Instantly share code, notes, and snippets.

@bhasudha
Last active March 4, 2024 00:12
Show Gist options
  • Star 0 You must be signed in to star a gist
  • Fork 0 You must be signed in to fork a gist
  • Save bhasudha/f8e3abeef4b33a023d87a5bd98476ad7 to your computer and use it in GitHub Desktop.
Save bhasudha/f8e3abeef4b33a023d87a5bd98476ad7 to your computer and use it in GitHub Desktop.
Serializable Isolation on Postgres vs Iceberg

This gist tests the serializable isolation in Iceberg and compares with same in Postgres.

Table of content:

Test Serializable Isolation in Postgres

Setup

  1. Locally install postgres and use the sql client - psql, for this test. Sample instructions to setup postgres locally - https://www.sqlshack.com/setting-up-a-postgresql-database-on-mac/
  2. Use two iTerm2 panes (either split vertically or Horizontally for testing concurrent merges).

Test

The following section implements the example described in the postgresql docs - https://www.postgresql.org/docs/current/transaction-iso.html#XACT-SERIALIZABLE

First iTerm2 window

Start using psql -U postgres -h localhost

-- The default isolation level is read committed. So change to serializable before testing this
SET SESSION CHARACTERISTICS AS TRANSACTION ISOLATION LEVEL SERIALIZABLE;

DROP TABLE tbl_A;

CREATE TABLE tbl_A
(
  id int,
  class int,
  value int
);

INSERT INTO tbl_A VALUES
(1001, 1, 10), 
(1002, 1, 20),
(1003, 2, 100),
(1004, 2, 200);

-- Verify session isolation level using
SHOW TRANSACTION ISOLATION LEVEL;

Second iTerm2 window

Start using psql -U postgres -h localhost

-- The default isolation level is read committed. So change to serializable before testing this
SET SESSION CHARACTERISTICS AS TRANSACTION ISOLATION LEVEL SERIALIZABLE;

-- Verify session isolation level using
SHOW TRANSACTION ISOLATION LEVEL;

Test concurrent transactions

1. Paste on first iTerm2 (DO NOT HIT ENTER YET)
MERGE INTO tbl_A t USING (
    SELECT 1005 as id, 2 as class,  SUM(value) as value FROM tbl_A WHERE class = 1
  ) as u
  ON t.id = u.id
  WHEN MATCHED THEN UPDATE SET value = u.value
  WHEN NOT MATCHED THEN INSERT (id, class, value) VALUES (u.id, u.class, u.value);
2. Paste on second iTerm2 (DO NOT HIT ENTER YET)
MERGE INTO tbl_A t USING (
    SELECT 1006 as id, 1 as class,  SUM(value) as value FROM v WHERE class = 2
  ) as u
  ON t.id = u.id
  WHEN MATCHED THEN UPDATE SET value = u.value
  WHEN NOT MATCHED THEN INSERT (id, class, value) VALUES (u.id, u.class, u.value);
3. Enable Toggle Broadcasting Inputon both iTerm2 windows

By Right click and choosing that option. This allows to run commands simultaneously across multiple iTerm2 windows

4. Hit ENTER in either of the windows.

The previously pasted commands shoud be executed in both the windows.

Results

Possibility 1: If MERGE INTO in first window succeeded:
select * from tbl_A;
|   id  | class | value |
|-------|-------|-------|
|  1001 |     1 |    10 |
|  1002 |     1 |    20 |
|  1003 |     2 |   100 |
|  1004 |     2 |   200 |
|  1005 |     2 |    30 |

Second Window would see as expected:

ERROR:  could not serialize access due to read/write dependencies among transactions
DETAIL:  Reason code: Canceled on identification as a pivot, during write.
HINT:  The transaction might succeed if retried. 

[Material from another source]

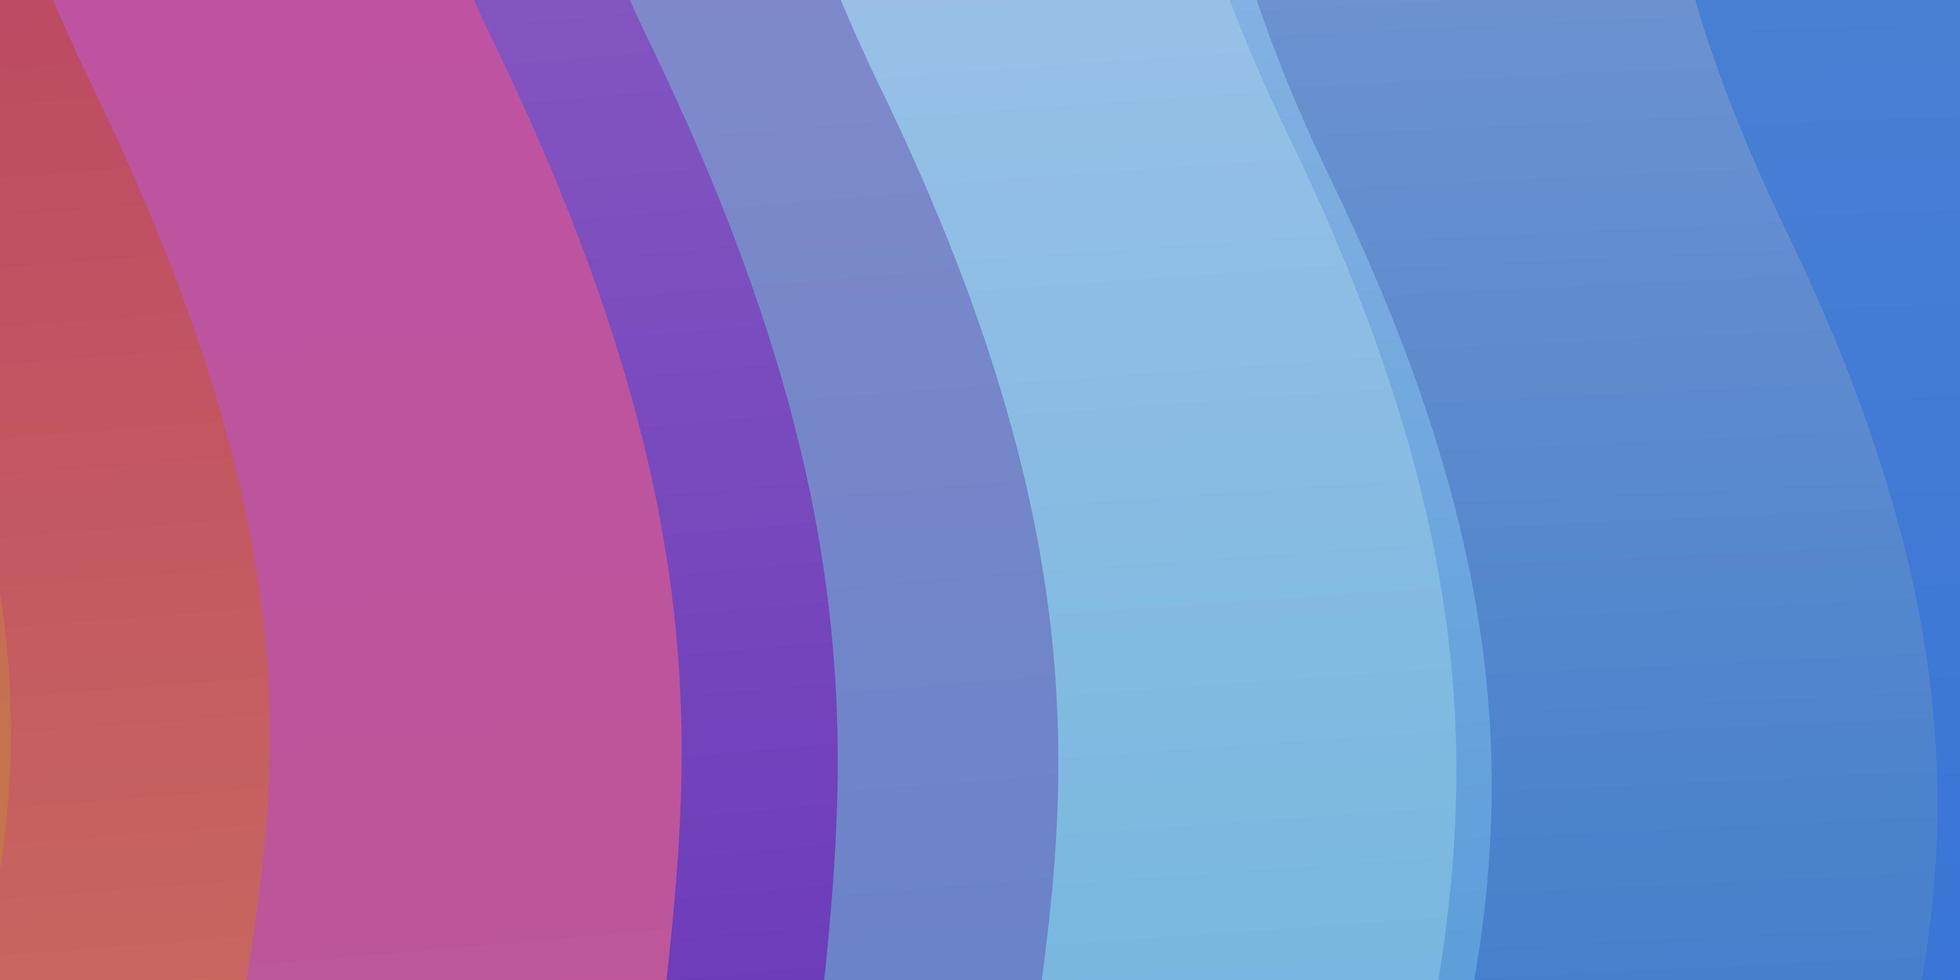 patrón de vector azul claro, rojo con líneas torcidas.

If retried, the MERGE INTO would result in.

| 1006 | 1 | 330 |

Possibility 2: If MERGE INTO in second window succeeded:
select * from tbl_A;
|   id  | class | value |
|-------|-------|-------|
|  1001 |     1 |    10 |
|  1002 |     1 |    20 |
|  1003 |     2 |   100 |
|  1004 |     2 |   200 |
|  1006 |     1 |   300 |

First Window would see as expected:

ERROR:  could not serialize access due to read/write dependencies among transactions
DETAIL:  Reason code: Canceled on identification as a pivot, during write.
HINT:  The transaction might succeed if retried.

If retried, the MERGE INTO would result in.

| 1005 | 2 | 330 |

Conclusion: Serializable isolation in Postgres works as documented

Test Serializable Isolation in Iceberg

Setup

  1. We will use the docker setup here - https://iceberg.apache.org/spark-quickstart/ to set our environment and use SparkSQL to run the tests. As of this gist creation, the docker setup uses iceberg version 1.3.1 and spark 3.4.
  2. We will use two iTerm2 panes (either split vertically or Horizontally for testing concurrent merges). Start both of them using the command
docker exec -it spark-iceberg spark-sql
  1. The iceberg data can be accessed via the minio cluster started in http://127.0.0.1:9001/login using the creds admin:password if needed.

Test

We will use the similar table and schema we used for testing Postgres. Iceberg docs suggest serializable isolation as default - https://iceberg.apache.org/docs/1.3.1/configuration/.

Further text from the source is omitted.